Step 5 - Apply Semantic Compression (SC)

In [28]:
# Function that applies a semantic compression approach
def compress_text(curr_text, codes, forward = True):
    symbol_list = sorted([(len(k), k, v) for k, v in codes.items()], key = lambda x: int(x[0]), reverse = True)
    new_text = curr_text

    for l, key, value in symbol_list:
        c_value = chr(value)
        if forward:
            new_text = new_text.replace(key, c_value)
        else:
            new_text = new_text.replace(c_value, key)
    
    return new_text
In [29]:
# Compressiong text of the file
file_text_comp = compress_text(file_text1, semantic_table)

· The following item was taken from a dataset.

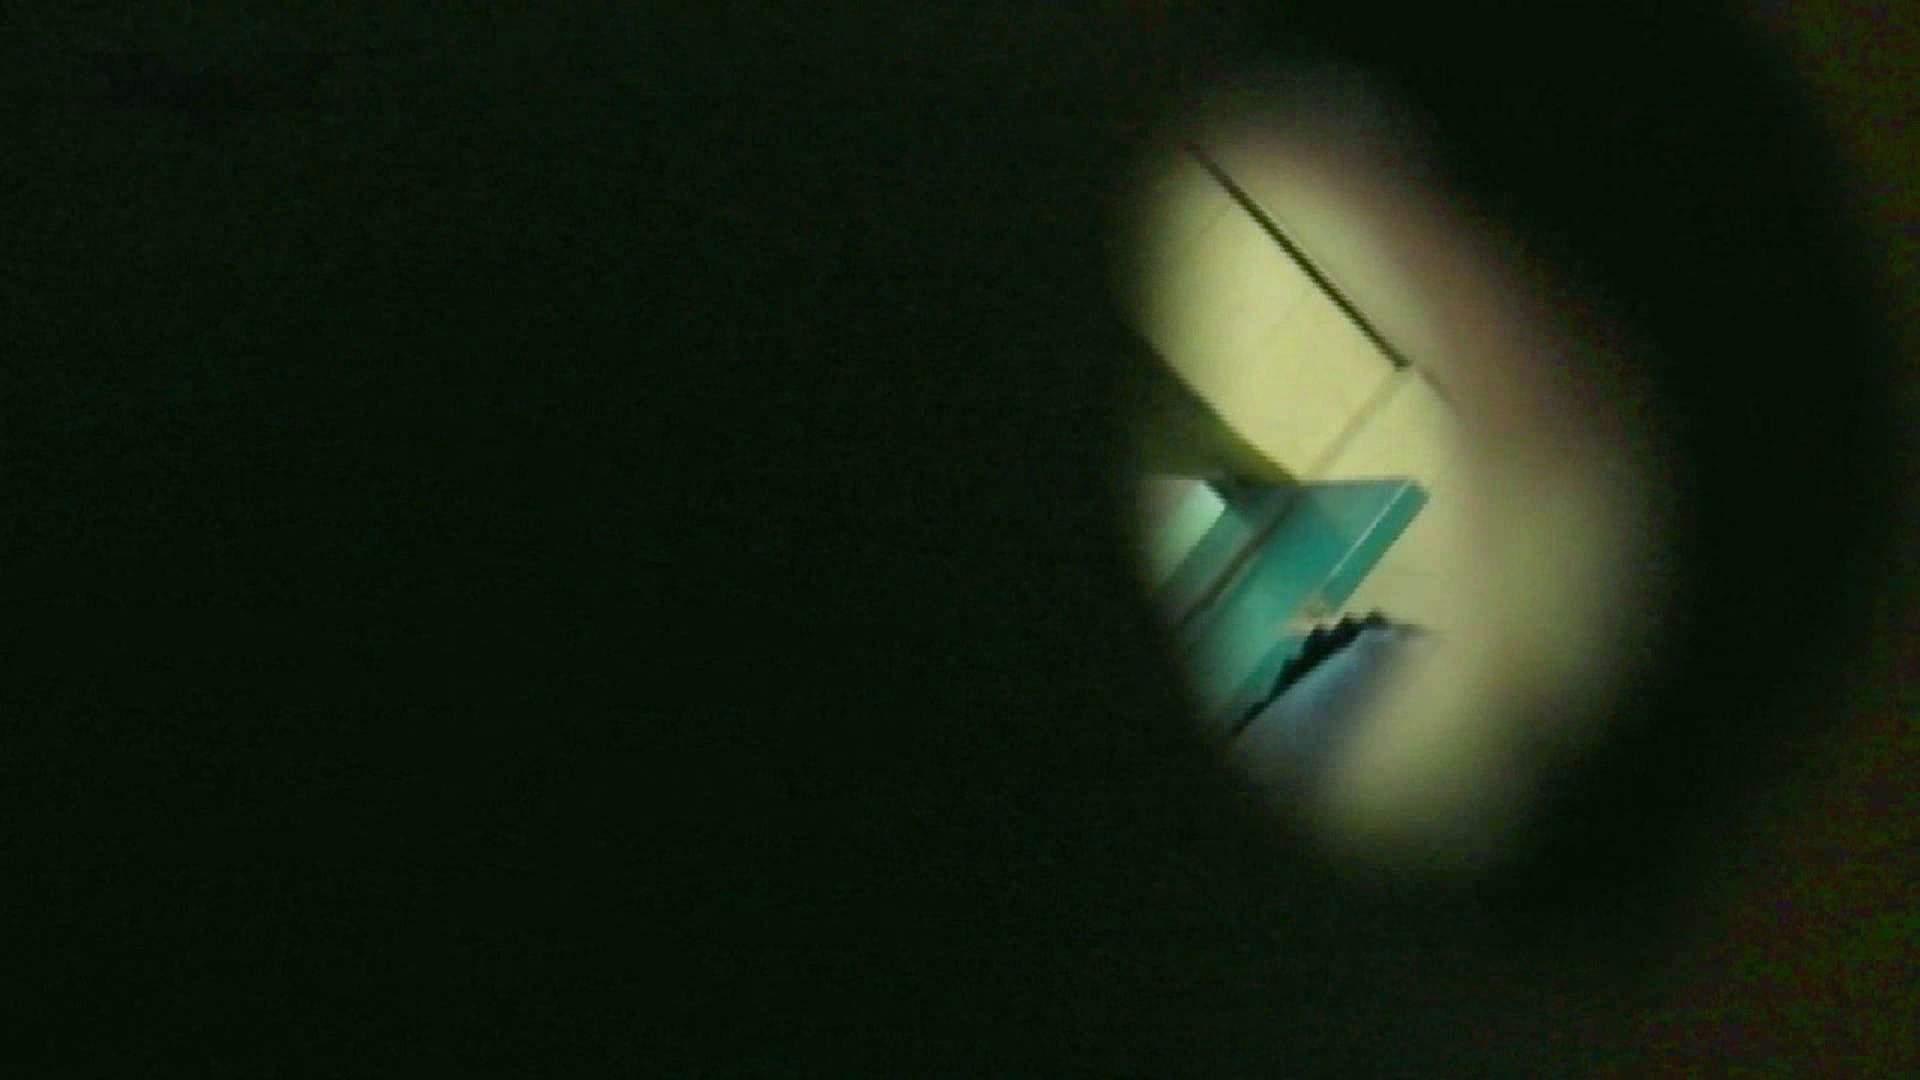 ステーション編 vol.29 頭二つ飛び出る180cm長身モデル 洗面所 スケベ動画紹介 67画像 29

Step 6 - Save Compressed File

In [30]:
file_path_comp = file_path.replace('.txt', '_comp.txt')
save_text_file(file_path_comp, file_text_comp)
Out[30]:
True
In [31]:
# Weight of the compressed file
file_size = os.path.getsize(file_path_comp)
print('Compressed file size:', round(file_size / 1024, 2), 'KB')
Compressed file size: 958.99 KB
In [32]:
# Original file
print('Number of characters:', len(file_text1))
Number of characters: 1219570
In [33]:
# Compressed file
print('Number of characters:', len(file_text_comp))
Number of characters: 889494
In [34]:
# Semantic compression percentage
compress_rate =  (len(file_text1) - len(file_text_comp)) / len(file_text1)
print('Compression Rate:', round(compress_rate * 100, 2), '%')
Compression Rate: 27.06 %

Click in the following link to download the compressed text file:

https://raw.githubusercontent.com/ansegura7/DataCompression/master/data/text/book1-en_comp.txt

Step 7 - Show new Byte Distribution

In [35]:
# Loading target text book
file_byte_list = get_file_bytes(file_path_comp)
In [36]:
# Calculate code frequency
term_freq = Counter(file_byte_list)
n = len(term_freq)
print('Unique symbols used:', n)
Unique symbols used: 200
In [37]:
# Normalize term frequency
total = sum(term_freq.values())
for ix in range(max_symbols):
    if ix in term_freq:
        term_freq[ix] = term_freq[ix] / total
    else:
        term_freq[ix] = 0
In [38]:
# Create dataframe: unused byte list
df_ubytes = pd.DataFrame.from_records(term_freq.most_common(max_symbols), columns = ['byte', 'frequency'])
df_ubytes['symbol'] = [chr(b) for b in df_ubytes.byte]
df_ubytes = df_ubytes[['byte', 'symbol', 'frequency']]
df_ubytes.head(10)
Out[38]:
byte symbol frequency
0 32 0.198516
1 101 e 0.059533
2 115 s 0.038495
3 194 Â 0.034089
4 114 r 0.033947
5 97 a 0.032637
6 108 l 0.029093
7 116 t 0.027243
8 100 d 0.024705
9 13 \r 0.022367
In [39]:
# Plot the frequency of the bytes in the file
fig = plt.figure(figsize = (18, 6))
ax = sns.barplot(x = 'byte', y = 'frequency', data = df_ubytes.sort_values(by=['byte']), palette=("Greens_d"))
ax.set_xticklabels(labels = get_x_labels(), fontsize = 10, rotation = 50)
plt.axhline(y = p_x, color = "#8b0000", linestyle = "--")
plt.title('Bytes Frequency of the Compressed Text File')
plt.show()

Note: The symbol 32 (in decimal) refers to the white space character of the ASCII table.

2. Decompression and Validation

In [40]:
# Loading target text book
file_text_comp = read_text_file(file_path_comp)
Read the following file: ../data/text/book1-en_comp.txt
In [41]:
# Function that applies a semantic decompression approach
def decompress_text(comp_text, codes):
    new_text = compress_text(comp_text, codes, False)
    return new_text
In [42]:
# Decompression
file_text2 = decompress_text(file_text_comp, semantic_table)
In [43]:
# Compressed file
print('Number of characters:', len(file_text2))
Number of characters: 1219570

Validation

In [44]:
# Comparing size
len(file_text1) - len(file_text2)
Out[44]:
0
In [45]:
# Comparing content
file_text1 == file_text2
Out[45]:
True

Reference

[1] Wikipedia - Natural language processing.